Manejé en medio de una tormenta que provocó apagones e inundaciones en varias zonas de la ciudad. Aún cuando puse a funcionar los limpiadores al máximo, la visiblilidad era nula. En algunos tramos el agua rebasaba la altura de las banquetas y era imposible avanzar.
A unas cuadras de la casa, una ambulancia, con la torreta encendida, me rebasó se estacionó junto a un Volkswagen volcado con las llantas hacia arriba. Disminuí la velocidad abrí la ventanilla y pasé despacio junto al lugar del accidente. Unos cuantos curiosos, soportando el frío y la lluvia, rodeaban un cadáver tapado con un abrigo y a una muchacha que, con el rostro ensangrentado, miraba absorta el pavimento, sin que nadie, ni siquiera los paramédicos, le prestara atención.
Me detuve y pregunté al hombro si se ofrecía algo en un lo que pudiera ayudar. Me miró con hostilidad y negó con la cabeza. Insistí, pero ya no me hizo caso.
Viré para esquivar los cristales rotos diseminados sobre el asfalto y me alejé por la calle oscura que esporádicamente iluminaba la roja luz de la ambulancia.

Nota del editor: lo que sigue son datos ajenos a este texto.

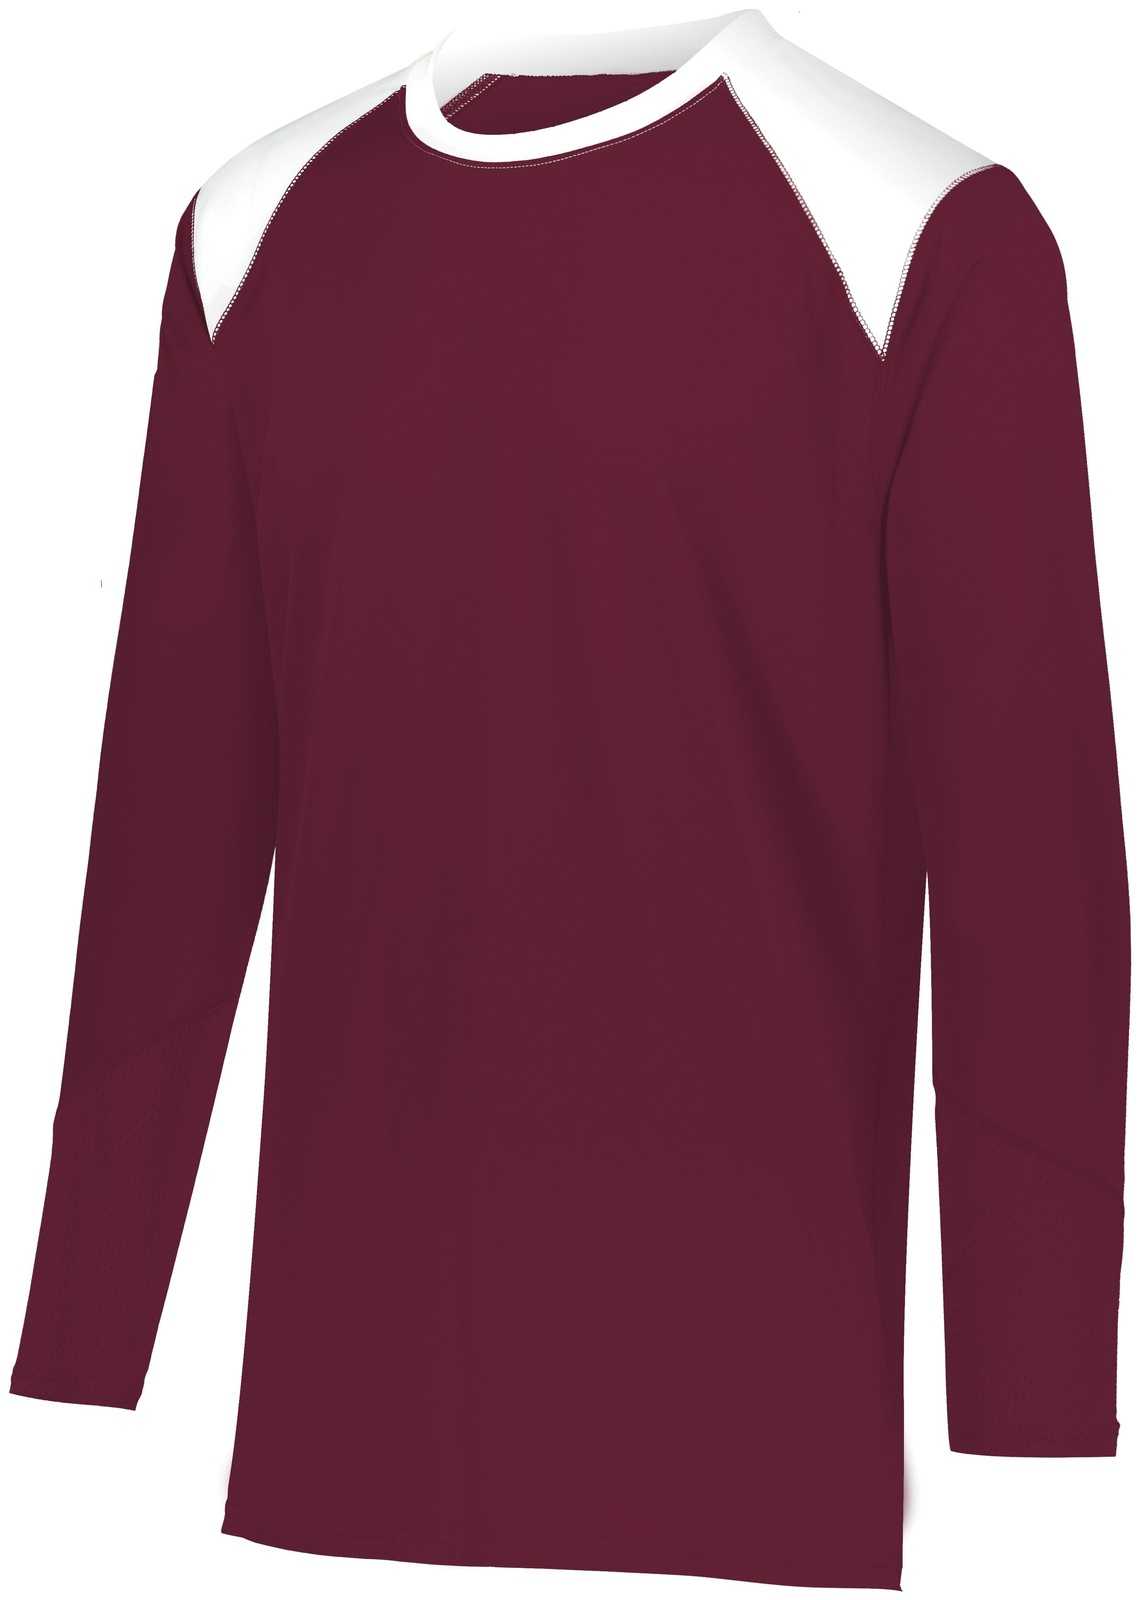 Augusta 1728 Tip-Off Shooter Shirt - Maroon White - HIT a Double
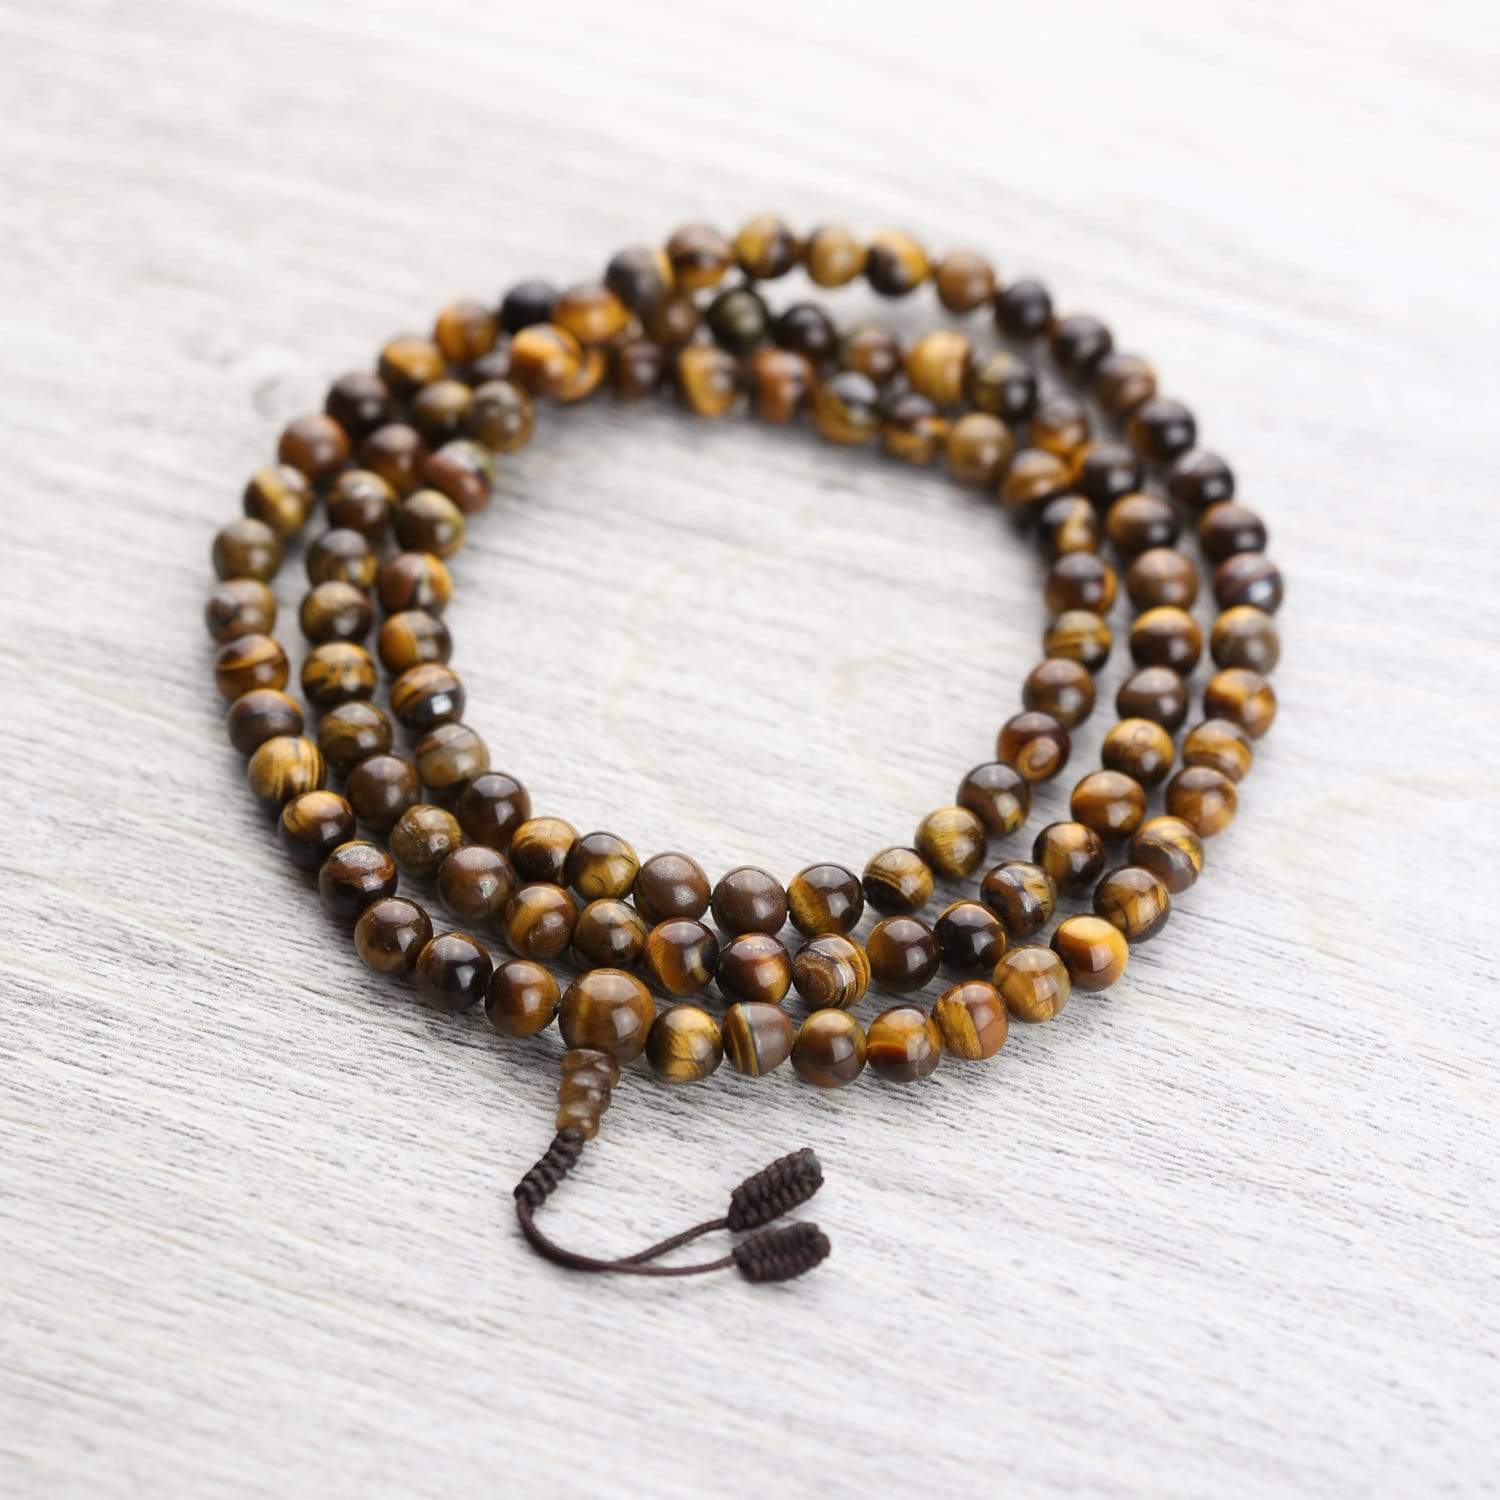 Hand Knotted Tiger Eye108 beads Jap Mala

Acabo de empezar Crónica de amor de un fabricante de perfumes, de Antonio Ferres, un escritor de 84 años, perseguido en su momento, ocultado en otros, que la Editorial Gádir recupera con mimo. Fantástico título, magnífico arranque:
«Siempre los cambios de tiempo han aumentado mi incertidumbre».

Lo que está lloviendo.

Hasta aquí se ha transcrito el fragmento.